• BRIEF
Retype, exactly as they appear below, the lines between the line holding "Modern Minimal April" and the line holding "Bilberry Woods characters", both ends included.

━━━━━ SOURCE MATERIAL

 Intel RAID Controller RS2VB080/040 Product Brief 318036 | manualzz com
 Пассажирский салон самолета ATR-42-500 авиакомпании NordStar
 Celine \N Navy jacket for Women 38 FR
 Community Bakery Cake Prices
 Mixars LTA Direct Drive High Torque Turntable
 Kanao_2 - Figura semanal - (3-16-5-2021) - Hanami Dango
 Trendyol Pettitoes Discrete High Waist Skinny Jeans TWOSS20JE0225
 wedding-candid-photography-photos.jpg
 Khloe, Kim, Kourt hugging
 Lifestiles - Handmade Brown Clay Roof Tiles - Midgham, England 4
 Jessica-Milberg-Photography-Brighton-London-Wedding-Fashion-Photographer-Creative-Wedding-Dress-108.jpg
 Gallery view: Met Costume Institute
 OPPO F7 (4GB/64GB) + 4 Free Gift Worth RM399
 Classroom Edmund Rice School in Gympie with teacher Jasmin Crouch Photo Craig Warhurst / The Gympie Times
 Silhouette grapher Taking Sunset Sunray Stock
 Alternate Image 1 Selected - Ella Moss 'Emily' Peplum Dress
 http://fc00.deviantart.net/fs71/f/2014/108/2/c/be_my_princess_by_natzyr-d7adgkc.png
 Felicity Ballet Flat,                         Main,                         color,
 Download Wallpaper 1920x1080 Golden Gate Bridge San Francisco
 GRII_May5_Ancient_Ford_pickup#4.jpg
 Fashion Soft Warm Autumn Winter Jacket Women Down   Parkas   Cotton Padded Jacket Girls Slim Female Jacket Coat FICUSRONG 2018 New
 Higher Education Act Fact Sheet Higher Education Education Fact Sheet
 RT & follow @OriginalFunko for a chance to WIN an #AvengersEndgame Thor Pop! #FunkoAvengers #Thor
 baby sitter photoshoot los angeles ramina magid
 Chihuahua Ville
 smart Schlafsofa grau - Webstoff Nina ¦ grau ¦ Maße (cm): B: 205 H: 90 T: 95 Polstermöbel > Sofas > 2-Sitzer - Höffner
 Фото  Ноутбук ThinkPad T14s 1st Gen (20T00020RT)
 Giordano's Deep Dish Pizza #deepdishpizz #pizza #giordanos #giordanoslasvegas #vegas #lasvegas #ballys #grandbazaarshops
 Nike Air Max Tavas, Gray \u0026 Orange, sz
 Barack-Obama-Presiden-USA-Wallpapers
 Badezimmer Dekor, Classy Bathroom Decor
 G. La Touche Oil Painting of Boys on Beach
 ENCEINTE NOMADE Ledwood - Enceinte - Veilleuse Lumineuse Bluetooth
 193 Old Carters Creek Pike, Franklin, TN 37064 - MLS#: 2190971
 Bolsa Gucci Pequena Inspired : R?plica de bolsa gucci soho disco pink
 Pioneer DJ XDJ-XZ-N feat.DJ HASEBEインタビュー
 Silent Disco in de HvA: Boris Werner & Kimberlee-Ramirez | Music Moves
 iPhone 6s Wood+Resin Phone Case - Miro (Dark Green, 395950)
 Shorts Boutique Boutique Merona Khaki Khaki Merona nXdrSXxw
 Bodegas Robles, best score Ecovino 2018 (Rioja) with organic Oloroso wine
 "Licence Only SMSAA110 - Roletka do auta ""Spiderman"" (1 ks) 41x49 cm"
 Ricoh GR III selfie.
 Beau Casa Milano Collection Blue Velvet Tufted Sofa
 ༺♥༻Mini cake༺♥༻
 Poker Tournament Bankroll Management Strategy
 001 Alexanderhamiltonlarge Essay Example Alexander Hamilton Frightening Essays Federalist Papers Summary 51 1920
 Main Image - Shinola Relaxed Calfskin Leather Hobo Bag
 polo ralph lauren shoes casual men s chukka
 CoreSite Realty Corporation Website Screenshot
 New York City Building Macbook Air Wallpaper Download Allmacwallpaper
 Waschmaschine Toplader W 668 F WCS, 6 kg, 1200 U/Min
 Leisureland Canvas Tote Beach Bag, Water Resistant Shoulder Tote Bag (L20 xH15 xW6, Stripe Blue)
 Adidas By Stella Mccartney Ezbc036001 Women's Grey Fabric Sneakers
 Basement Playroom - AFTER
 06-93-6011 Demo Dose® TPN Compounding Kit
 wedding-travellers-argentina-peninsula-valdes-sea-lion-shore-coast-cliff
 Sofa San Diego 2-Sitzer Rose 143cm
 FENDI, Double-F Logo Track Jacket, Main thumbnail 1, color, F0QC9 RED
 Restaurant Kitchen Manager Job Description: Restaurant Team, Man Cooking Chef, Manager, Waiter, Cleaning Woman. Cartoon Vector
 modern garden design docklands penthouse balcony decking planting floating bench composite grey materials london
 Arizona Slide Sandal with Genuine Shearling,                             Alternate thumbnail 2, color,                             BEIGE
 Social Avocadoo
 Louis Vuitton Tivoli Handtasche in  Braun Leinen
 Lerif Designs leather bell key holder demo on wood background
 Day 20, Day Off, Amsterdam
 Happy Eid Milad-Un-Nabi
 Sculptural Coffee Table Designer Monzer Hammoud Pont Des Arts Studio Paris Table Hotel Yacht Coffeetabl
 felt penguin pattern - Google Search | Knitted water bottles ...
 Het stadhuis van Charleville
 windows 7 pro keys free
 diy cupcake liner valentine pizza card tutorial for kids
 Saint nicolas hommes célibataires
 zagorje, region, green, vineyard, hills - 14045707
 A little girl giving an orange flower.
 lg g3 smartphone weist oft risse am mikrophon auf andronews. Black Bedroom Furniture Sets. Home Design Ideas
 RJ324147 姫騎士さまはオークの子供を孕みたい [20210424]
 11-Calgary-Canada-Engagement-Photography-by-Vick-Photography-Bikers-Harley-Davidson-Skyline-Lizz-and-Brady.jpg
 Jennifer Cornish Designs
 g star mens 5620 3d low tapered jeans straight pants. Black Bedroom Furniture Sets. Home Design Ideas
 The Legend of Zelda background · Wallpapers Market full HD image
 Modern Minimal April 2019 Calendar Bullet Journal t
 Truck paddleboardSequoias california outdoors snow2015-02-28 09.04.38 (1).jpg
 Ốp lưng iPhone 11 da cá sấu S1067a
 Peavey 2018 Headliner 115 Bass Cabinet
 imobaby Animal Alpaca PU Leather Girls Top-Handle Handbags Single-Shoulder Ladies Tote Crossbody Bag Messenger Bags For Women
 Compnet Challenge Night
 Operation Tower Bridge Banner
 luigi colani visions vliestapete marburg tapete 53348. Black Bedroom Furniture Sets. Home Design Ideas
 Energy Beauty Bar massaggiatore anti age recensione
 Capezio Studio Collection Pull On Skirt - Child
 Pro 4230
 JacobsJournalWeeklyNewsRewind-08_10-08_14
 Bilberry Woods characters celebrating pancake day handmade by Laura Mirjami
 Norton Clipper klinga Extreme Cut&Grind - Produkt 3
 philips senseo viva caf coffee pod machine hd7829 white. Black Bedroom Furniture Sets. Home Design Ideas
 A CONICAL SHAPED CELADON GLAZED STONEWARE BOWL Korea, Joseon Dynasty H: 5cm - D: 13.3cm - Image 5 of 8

━━━━━━━━━━

• WORKED SOLUTION
 Modern Minimal April 2019 Calendar Bullet Journal t
 Truck paddleboardSequoias california outdoors snow2015-02-28 09.04.38 (1).jpg
 Ốp lưng iPhone 11 da cá sấu S1067a
 Peavey 2018 Headliner 115 Bass Cabinet
 imobaby Animal Alpaca PU Leather Girls Top-Handle Handbags Single-Shoulder Ladies Tote Crossbody Bag Messenger Bags For Women
 Compnet Challenge Night
 Operation Tower Bridge Banner
 luigi colani visions vliestapete marburg tapete 53348. Black Bedroom Furniture Sets. Home Design Ideas
 Energy Beauty Bar massaggiatore anti age recensione
 Capezio Studio Collection Pull On Skirt - Child
 Pro 4230
 JacobsJournalWeeklyNewsRewind-08_10-08_14
 Bilberry Woods characters celebrating pancake day handmade by Laura Mirjami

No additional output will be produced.